Menolascino: Here’s the thing. These neurotransmitter tests are not very expensive, a couple hundred bucks. At NeuroScience, we have a sleep program that assesses your melatonin and cortisol, and it has a targeted GABA-based supplement that is probably the best sleep aid on the market. We have a way to get everybody off Ambien now in this country, and you’re going to see that promoted very strongly by the company. No one wants to prescribe Ambien, no one wants to take it, the FDA wanted to cut the dose in half. It’s not a good drug for people to take long-term. It’s hard on the brain, so isn’t that a win if we can use targeted amino acid therapy? We call it ‘the assess and the address.’ Assess the individual’s imbalance and use targeted amino acid therapy to address that imbalance.

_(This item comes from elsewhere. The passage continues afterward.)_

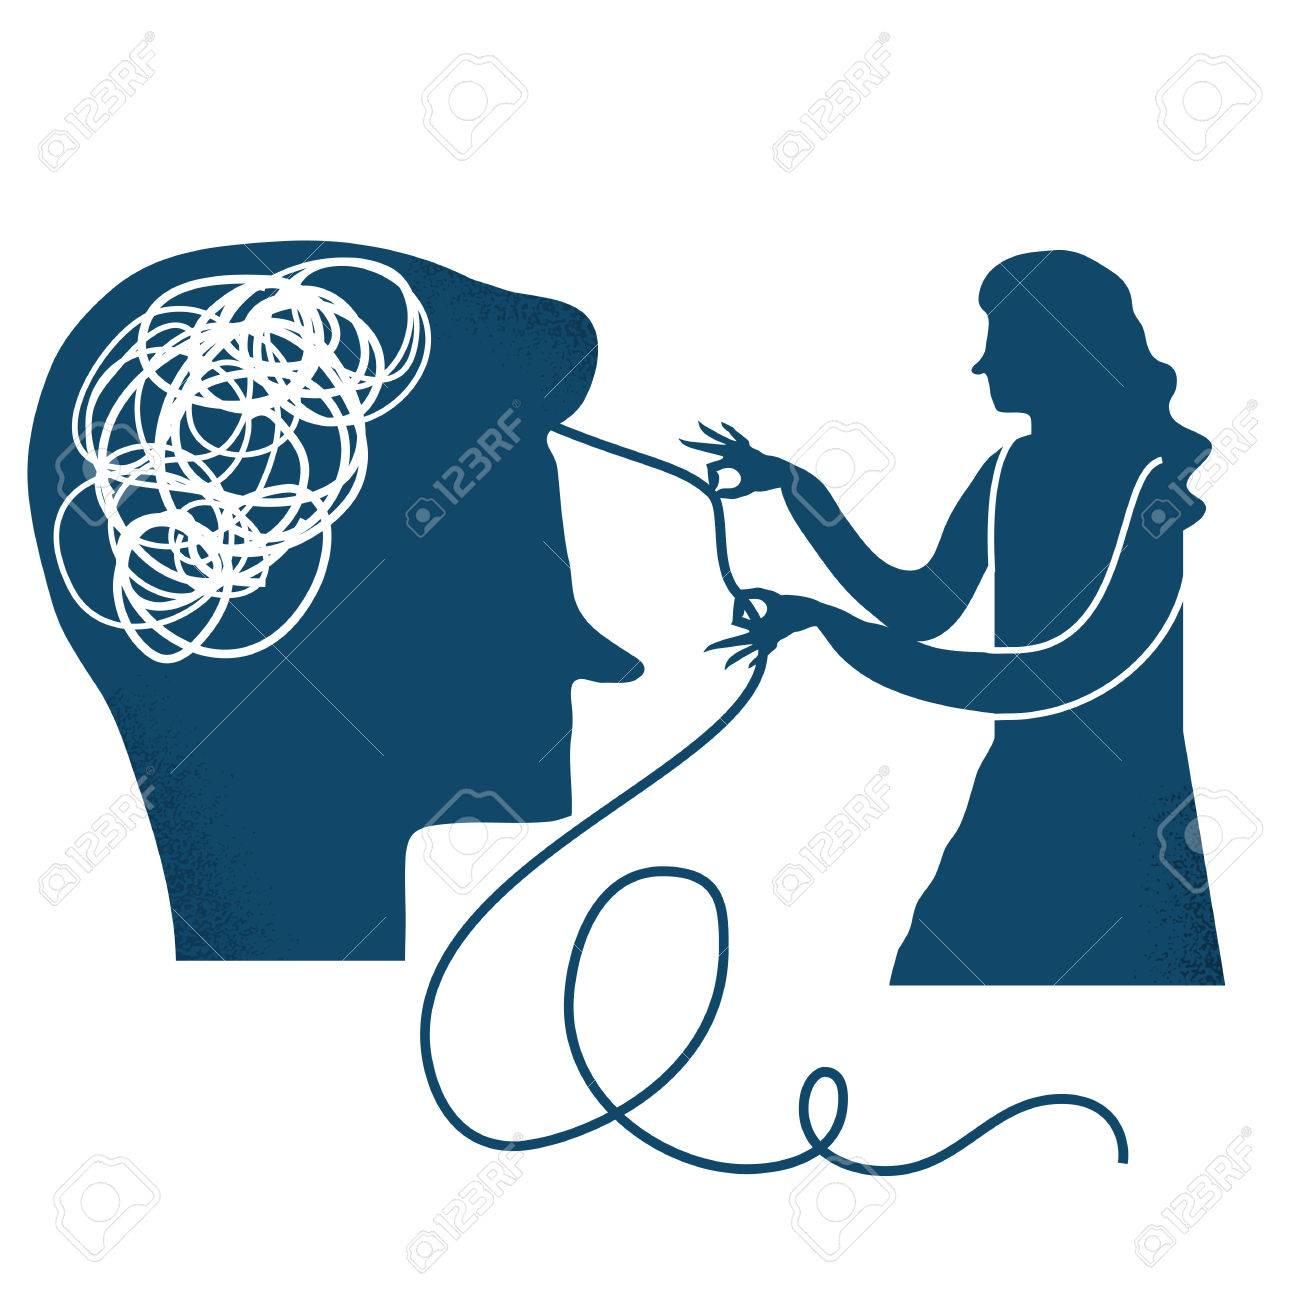 Psychotherapy Healing Radio Frequency Circuit Design W Alan Davis Inbunden Playful Language In And Everyday Life Array Psychology Mental Concept Vector Rh 123rf Com

nbj: How far away are we from this personalized medicine going mainstream?
Menolascino: Like a lot of things in our world, the change is exponential. One of the big reasons is that we’re now drawing into healthcare people who weren’t into healthcare before. Silicon Valley, the computer guys, software engineers, people who think in mach speed. These are not people who wait three years for an idea to come to market. They have an idea and then two weeks later, they have a prototype. There’s a snowball that’s moving down the hill and every time it rolls, it gets twice as big.
I think we’ve hit the critical mass that every innovation has to hit to start spinning at full speed. I go to these functional medicine conferences and every one of them is sold out four months in advance. At the end of the day, two things will happen. One, the economics will drive this change. It’s just not sustainable to do what we’re doing in healthcare. Two, the consumers will demand it. They’re demanding this type of medicine, a personalized approach, and they’re not satisfied with the old four-part cholesterol test, the old-fashioned diabetes risk assessment.
The current model is that we wait for it to break and then we find a way to fix it. I think you’re going to see Big Farm and Big Pharma take a hit with this, that whole paradigm is going to shift and it’s going to be empowering. We’re going to put it back on the person to be self-empowered, self-aware, and I think people are ready for that. It’s going to take a certain segment of our society to drive it, but my desire, my hope and dream is that it trickles down to everybody.